Nei prossimi quattro anni l’America pagherà duramente per questa sconfitta della ragione: l’efficacia dell’attacco alle Torri si è dimostrata mostruosamente superiore a qualsiasi speranza di Osama grazie alla sistematica strumentale amplificazione fatta da Bush & C. Al Qaeda proromperà e si diffonderà nel mondo alimentata dal collateral damage e dalla ferocia repressiva di un esercito USA esasperato e frustrato e dei nazi Israeliani in Palestina, l’Europa vedrà il moltiplicarsi d’iniziative terroristiche islamiche provocate dalle “fatwa” degli Imam e degli Ayatollah (l’assassinio in Olanda di Theo van Gogh è un segno preoccupante), la tragica sconfitta in Iraq non sarà più occultabile con le bugie delle televisioni di servizio, il pauroso deficit Americano trascinerà disastri finanziari in tutto il mondo, disoccupazione e povertà renderanno invivibili le città, il controllo poliziesco sistematico e diffuso trasformerà interi paesi in galere, un nuovo e più feroce Maccartismo intristirà i cervelli e il pensiero. L’american dream è già diventato l’american nightmare. Preso nella catastrofe Bush (the malevolent Mickey Mouse seconda la micidiale definizione di Arundhati Roy) diventerà sempre più arrogante e malvagio in un ciclo perverso tragico. Il guaio è che, come il loro nefasto presidente, anche molti Americani che lo hanno votato non avranno il coraggio di ricredersi.

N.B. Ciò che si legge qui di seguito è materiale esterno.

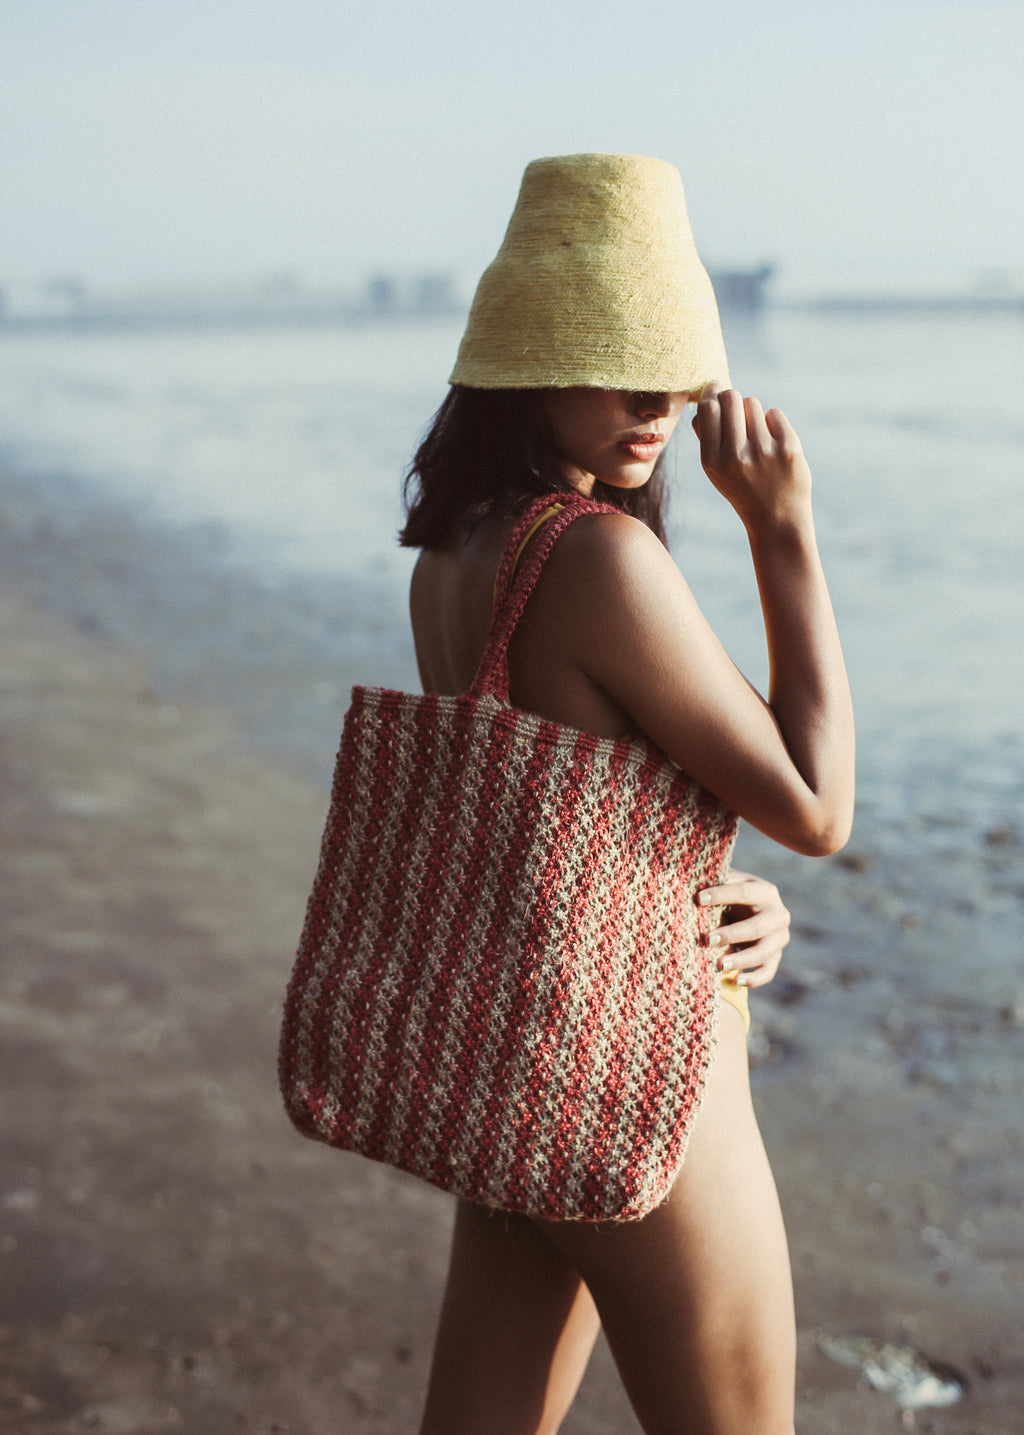 BrunnaCo Louisa Jute Tote Beach Bag. This beautiful striped tote bag in red and beige is handmade by artisans in Bali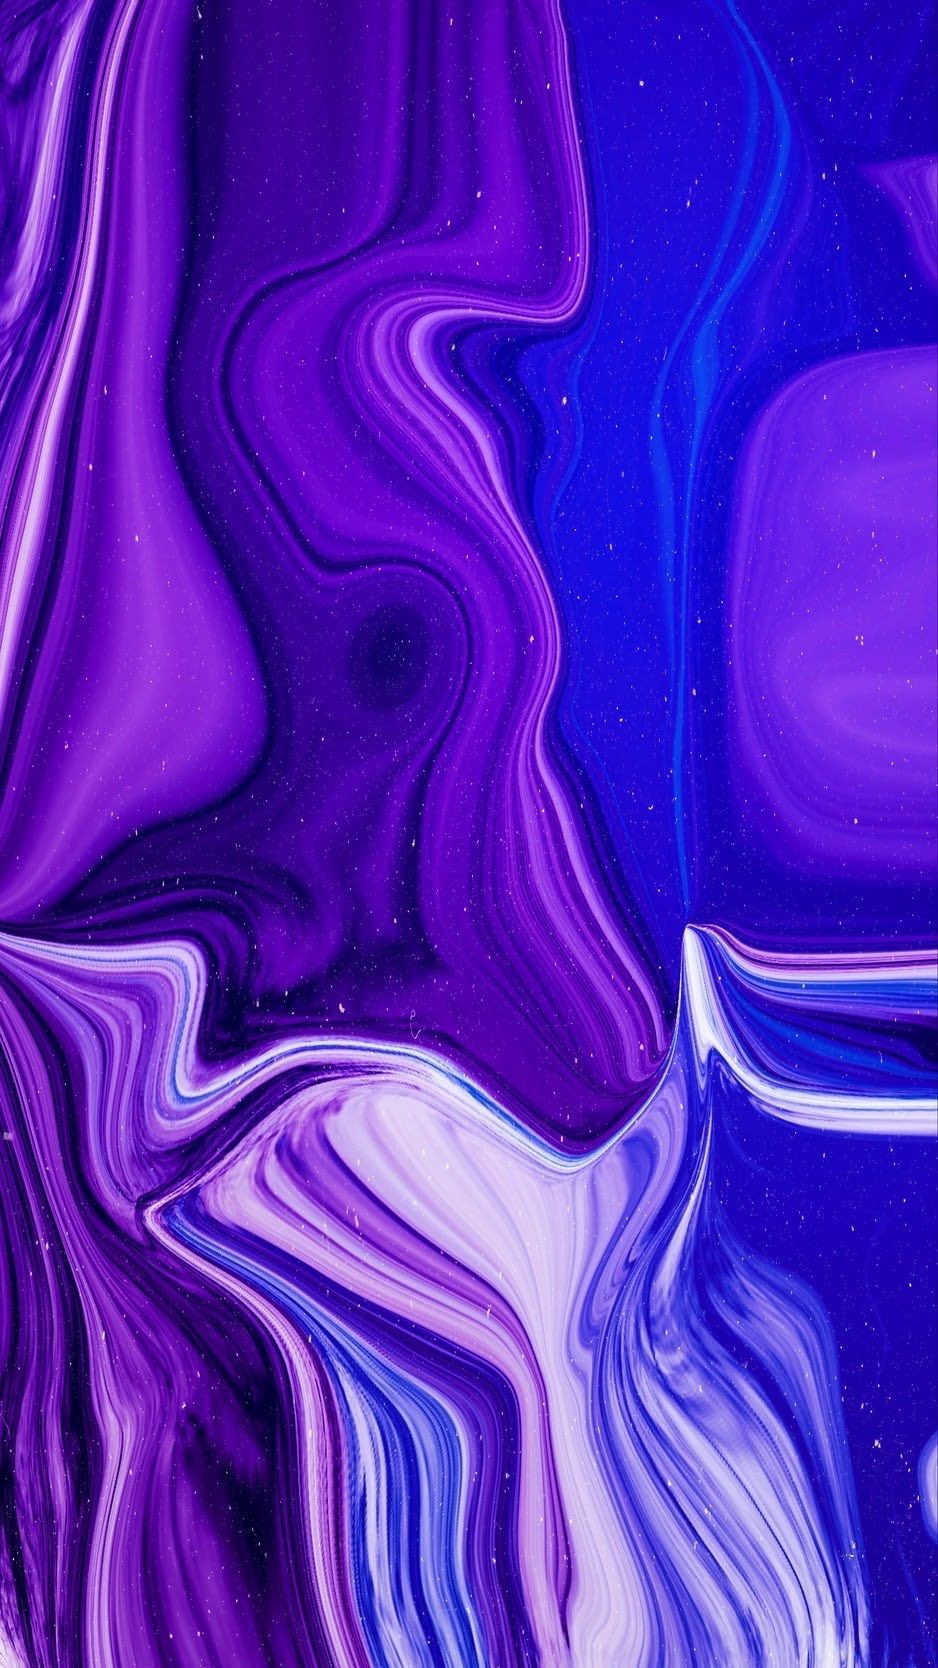 iPhone Wallpaper. Geometric wallpaper iphone, Purple wallpaper hd, iPhone wallpaper

Questo quadro non deve scoraggiare i laici pessimisti non omologhi: when the going gets tough, the tough get going… L’impegno laico non omologo e doverosamente scettico ha come categorica responsabilità quella di mantenere costante, e di combattere per realizzare, il progetto di un mondo dove si possa vivere senza dei, senza vangeli, senza corani, senza inesistenti verità rivelate e senza falsi rivelatori d’inesistenti verità, dove la vuota dialettica di filosofi pessimi non avveleni la vita con falsi dettati, peccati e colpe.